1. Global Clock Synchronisation 

In computing many emerging sensor network applications require that the sensors in the network agree on the time. A global clock in a sensor system will help process and analyze the data correctly and predict future system behavior. For example, in the vehicle tracking application, each sensor may know the time when a vehicle is approaching. By matching the sensor location and sensing time, the sensor system may predict the vehicle moving direction and speed. Without a global agreement on time, the data from different sensors cannot be matched up. Other applications that need global clock synchronization include environment monitoring (for example, temperature), navigation guidance, and any other application that requires the coordination of locally sensed data and mobility.  Q Li 2004.

In these systems various approaches have been taken to temperature compensation  e.g Q Li 2004. S Chauhan 2012.   J M Castillo-Secilla 2013. 

A similar approach could potentially be taken to synchronising biosensors. A Prindle 2015T Danino 2009. J Hasty 2008,  J V Selinger 2003,

This posting considers whether a similar mechanism to global clock sychronisation could be connecting together biological sensors (using  the Transient Receptor Potential (TRP) superfamily of ion channels), and supporting temperature compensation.

Another posting on this site explores how this could also support the operational of neural networks.

2. The Biological Clock

Evidence suggests that circadian clocks control a number of biological processes through an organism in both plants and animals. A N Dodd – ‎2015C. Robertson McClung 2010.  To this day, circadian clocks remain one of the most robust experimental systems wherein perturbations of genetic background or environmental state can be directly linked to changes in physiology and behaviour. Lisa Wulund 2015.

Even though daily temperature fluctuations serve as a synchronizing signal for circadian clocks, clocks are also temperature compensated. This means that when kept under constant conditions (i.e., no daily fluctuations of either light/dark or temperature), circadian clocks tick at the same speed at low or high constant temperatures.  It is crucial that circadian clocks are temperature compensated, because a clock that runs with different speed at different temperatures would not be a clock (rather a thermometer).  Stanewsky’s Lab (UCL). 

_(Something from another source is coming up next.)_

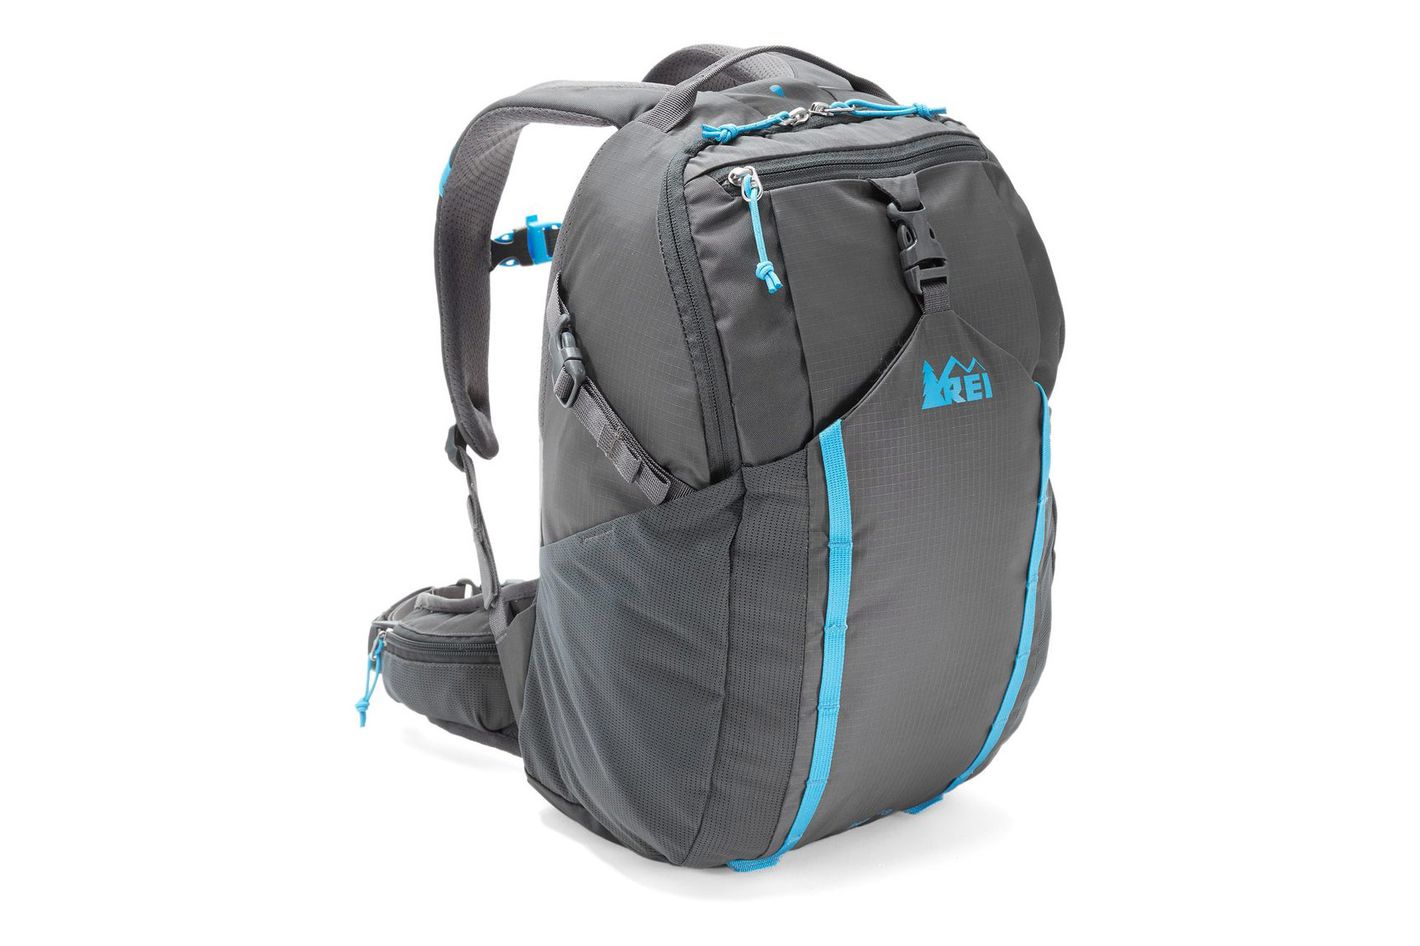 ergonomic backpack reviews

There is also a strong relationship between metabolic (redox-based circadian oscillators) and circadian pathways e.g. M U Gillette 2014C B Peek 2012, J S O’Neill 2014 in Circadian Redox and Metabolic Oscillations in Mammalian Systems.   Similar to clock dependent circadian rhythms, these oscillations are temperature-entrainable and temperature-compensated. C B Peek 2012.   This posting now focuses on circadian (including redox) rhythms. However it should be noted that circadian rhythms are linked to and supported by a range of other biological rhythms (of varying periods A Goldbeter 2007).

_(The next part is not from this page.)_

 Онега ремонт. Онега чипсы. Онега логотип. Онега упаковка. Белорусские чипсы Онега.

3. Global Clock Synchronisation of Biosensors

R Campan in “the Orientation and Communication of Arthropods” (edited by M Lehrer 1997) argues that taxes (e.g geotaxis, chemotaxis, magnetotaxis) provide the foundations for understanding orientation –  as their main function is to assist in the ecological adaptation of the animal to the constraints of its environment.

The sandhopper uses a number of orientation mechanisms including phototaxis, geotaxis, scototaxis, polarotaxis, astrotaxis, and magnetotaxis (Pardi & Scapini 1987). They also possess the capacity to use local cues such as landmarks, wave activity, substrate channels, slopes, humidity and sand grain (Scapini et al 1992).  The use of different orientation strategies (in a single species) must be synchronised, and biological clocks and pulses could provide such synchronisation.

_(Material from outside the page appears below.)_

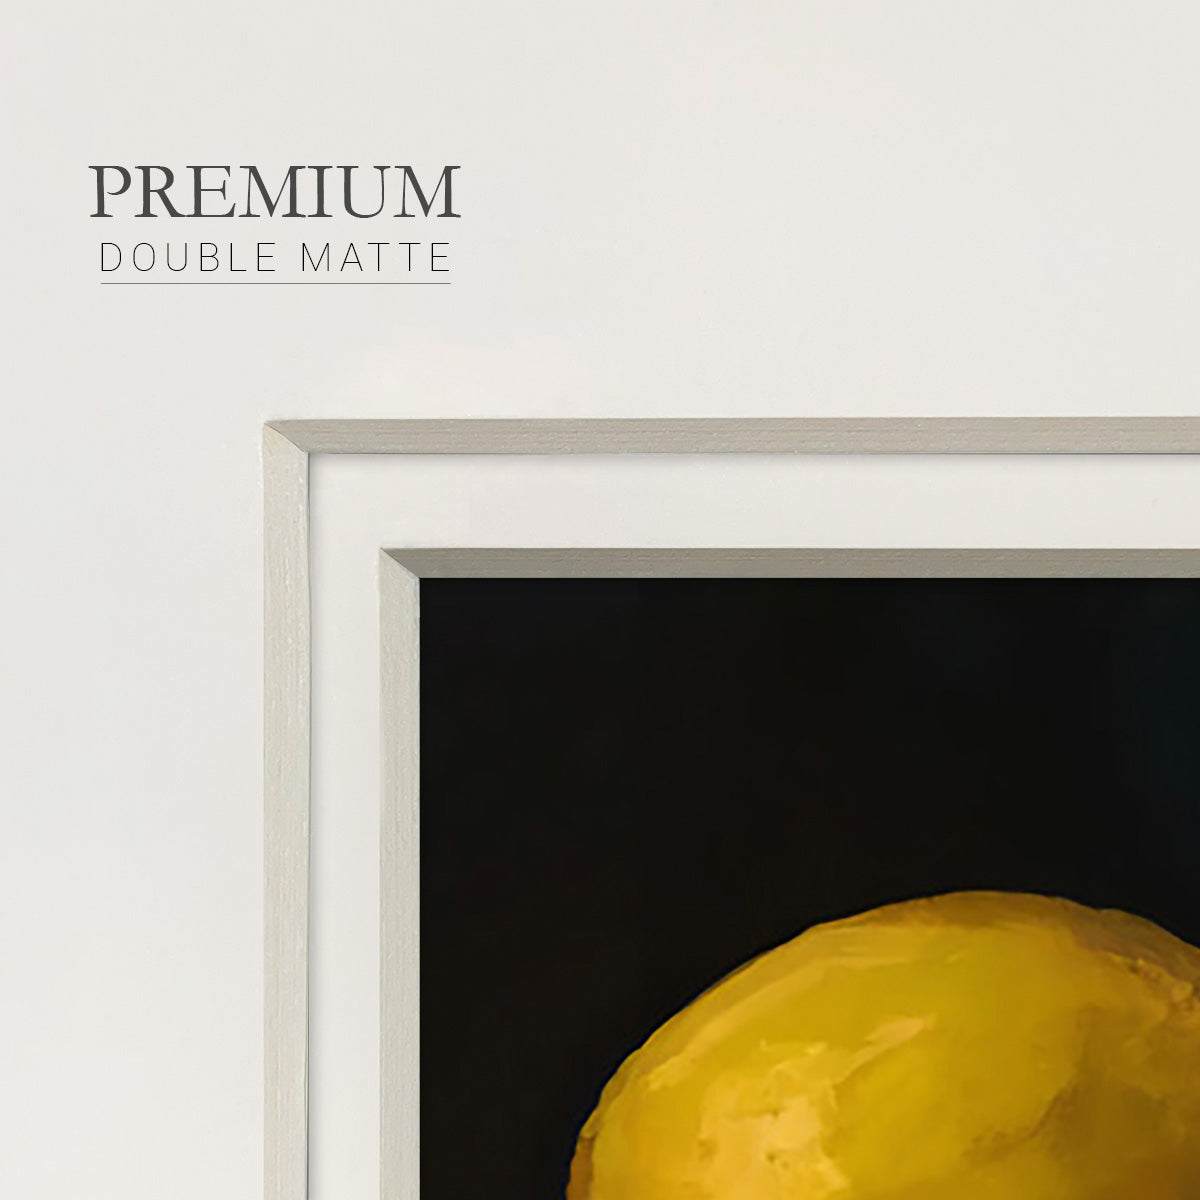 Lonely Lemon Premium Framed Print Double Matboard

A time synchronised sensory system could support neural activity (e.g supporting foraging) and infection resistance.

Interestingly the “foraging gene” found in various species is thought to linked to phototaxis, chemotaxis, learning and memory, and circadian rhythms. KK Ingram – ‎2011.

4. The Transient Receptor Potentials

Key to understanding how global clock sychronisation could be connecting together biological sensors  is the relationship between biological rhythms and the Transient Receptor Potential (TRP) superfamily of ion channels.

TRPs are activated through a wide variety of mechanisms and participate in virtually every sensory modality. These are essential for navigating through an ever changing environment. From insects to mammals TRP channels are known mediators for cellular sensing.  Mammalian TRP channel proteins are polymodal cation channels that participate in sensory physiology at different levels. These include thermosensation, mechanosensation, nociception (sensation of noxious stimuli), touch, taste, olfaction, and vision. Under physiological conditions, TRP channel opening allows for the fast entrance of sodium and calcium ions into the cell. Although originally found in Drosophila melanogaster (relevant findings on Drosophila are summarised towards the end of this posting) , at present, TRP channels are mostly studied in mammalian cells.  LuisArias-Darraz 2015.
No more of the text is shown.